A distributed hyperparameter optimization framework for vLLM serving, built with Ray and Optuna.
- 🚀 Distributed Optimization: Scale across multiple GPUs and nodes using Ray
- 🎯 Flexible Backends: Run locally or on Ray clusters
- 📊 Rich Benchmarking: Built-in GuideLLM support + custom benchmark providers
- 🗄️ Centralized Storage: PostgreSQL for trials, metrics, and logs
- ⚙️ Easy Configuration: YAML-based study and parameter configuration
- 📈 Multi-Objective: Support for throughput vs latency trade-offs
- 🔧 Extensible: Plugin system for custom benchmarks
For a detailed starter guide, see the Quick Start Guide.
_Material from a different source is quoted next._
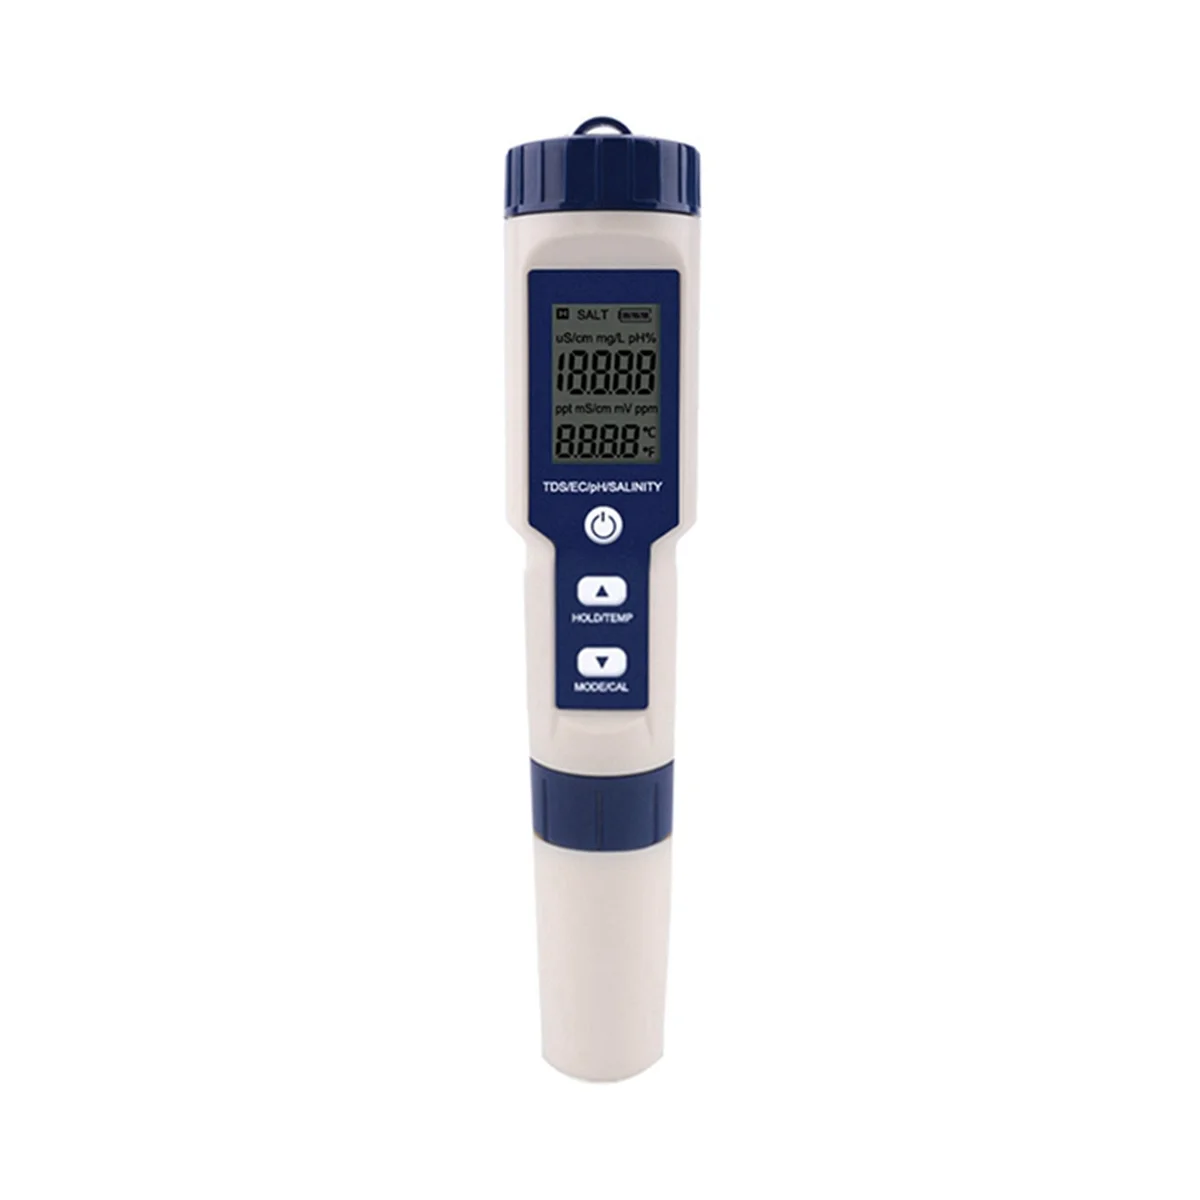 5 в 1 TDS/EC/PH/Измеритель солености/температуры Цифровой тестер монитора качества воды для бассейнов, питьевой воды, аквариумов

pip install auto-tune-vllm
# Run optimization study
auto-tune-vllm optimize --config study_config.yaml
# Stream live logs
auto-tune-vllm logs --study-id 42 --trial-number 15
# Resume interrupted study
auto-tune-vllm resume --study-id 42
- Ray Cluster Setup - Important for distributed optimization
- Configuration Reference
- Python 3.10+
- NVIDIA GPU with CUDA support
- PostgreSQL database
All ML dependencies (vLLM, Ray, GuideLLM, BoTorch) are included automatically.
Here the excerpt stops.